6 Run the main simulation 100000 times and print the number of times
7 switching the door was better and the number of times switching the door was worse
8 """
9
10 # Run the simulation 100000 times and save the results of each iteration
11 res = []
12 for _ in range(0, 100000):
13 res.append(better())
14
15 # Count the number of times switching doors was better
16 good = res.count(True)
17
18 # Count the number of times switching doors was worse
19 bad = res.count(False)
20
21 print(f"Number of times switching was good: {good} ({(good/len(res))*100})")

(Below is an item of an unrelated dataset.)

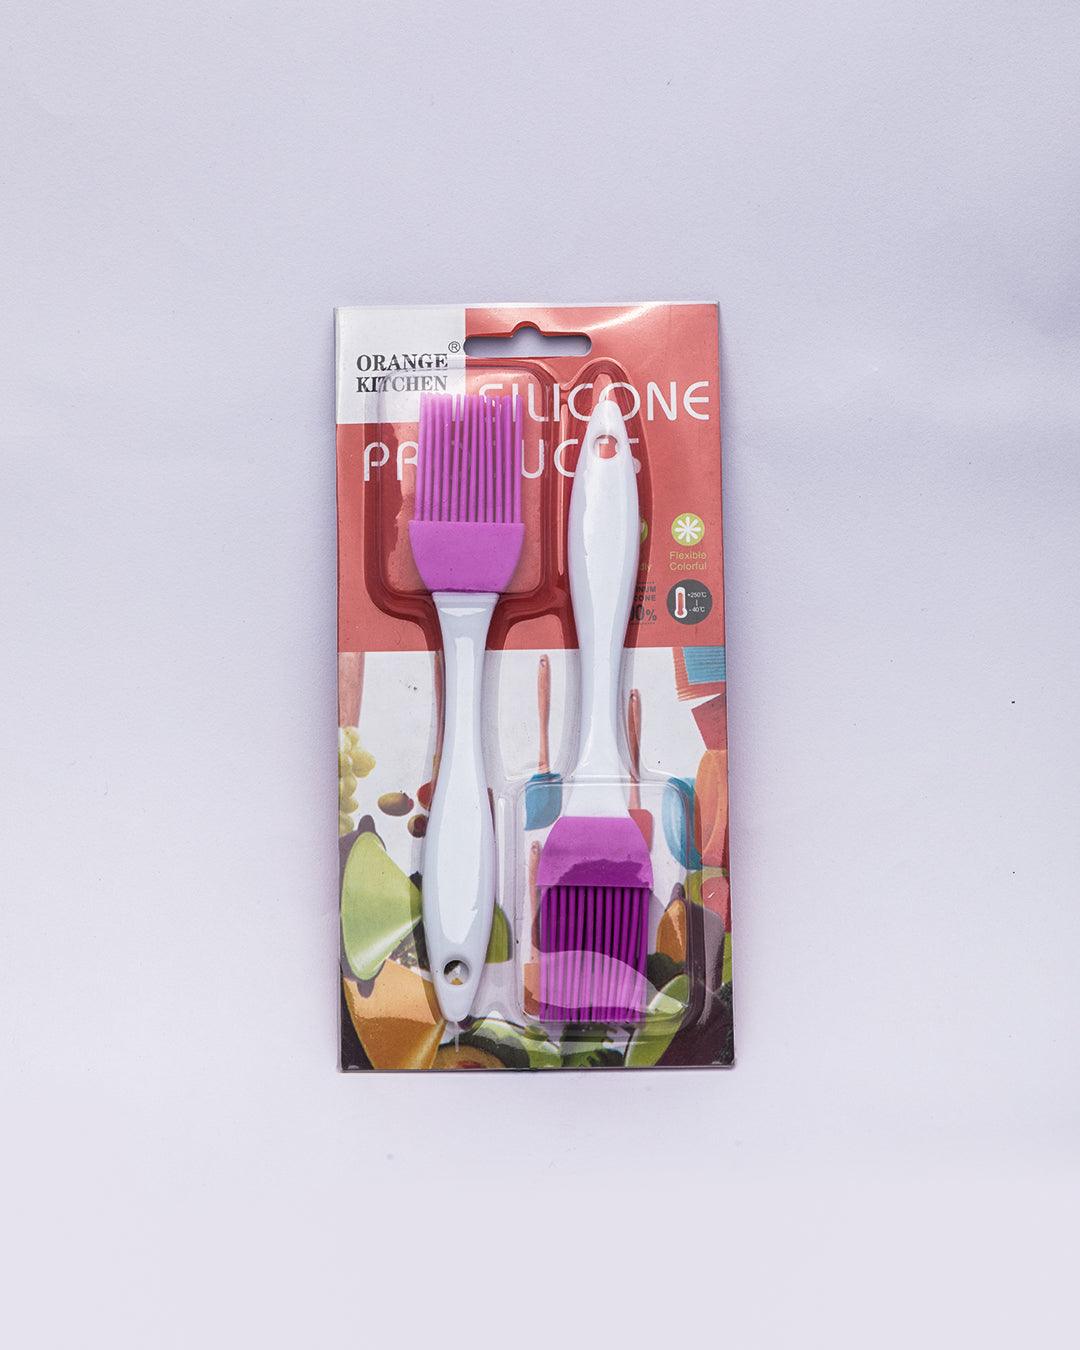 Oil Brush, Basting Brush, Pastry Brush for Cooking, Purple, Plastic, Set of 2 - MARKET 99

22 print(f"Number of times switching was bad: {bad} ({(bad/len(res))*100})")
23
24
25def better():
26 """
27 Test the Monty Hall problem to decide which option is better (switching doors or not)
28 """
29
30 # Choose where the car is
31 car_pos = random.randint(0, 2)
32
33 # Set a list where we know the goats are now
34 goat_pos = [x for x in range(0, 3) if x != car_pos]
35
36 # Randomly guess where the car might be
37 guess_pos = random.randint(0, 2)
38
39 # Randomly tell the player about what door has a goat behind it
40 told_goat_pos = random.choice(goat_pos)
41
42 # Figure out the other option that we switch to
43 other_opt = [
44 x for x in range(0, 3) if x != guess_pos and x != told_goat_pos
45 ][0]
46
47 # Check if the other option is the car position. If it is, return True
48 # meaning that the switch was better
49 if other_opt == car_pos:
50 return True
51 return False
52
53
54if __name__ == "__main__":
55 main()
The result of running this modified simulation a few different times is as follows:
1$ python3 /tmp/test.py
2Number of times switching was good: 50115 (50.114999999999995)
3Number of times switching was bad: 49885 (49.885000000000005)
4
5$ python3 /tmp/test.py
6Number of times switching was good: 50234 (50.234)
7Number of times switching was bad: 49766 (49.766)
8
9$ python3 /tmp/test.py
10Number of times switching was good: 49879 (49.879)
11Number of times switching was bad: 50121 (50.121)
Which results in the 50/50 probability we expected! Pretty neat!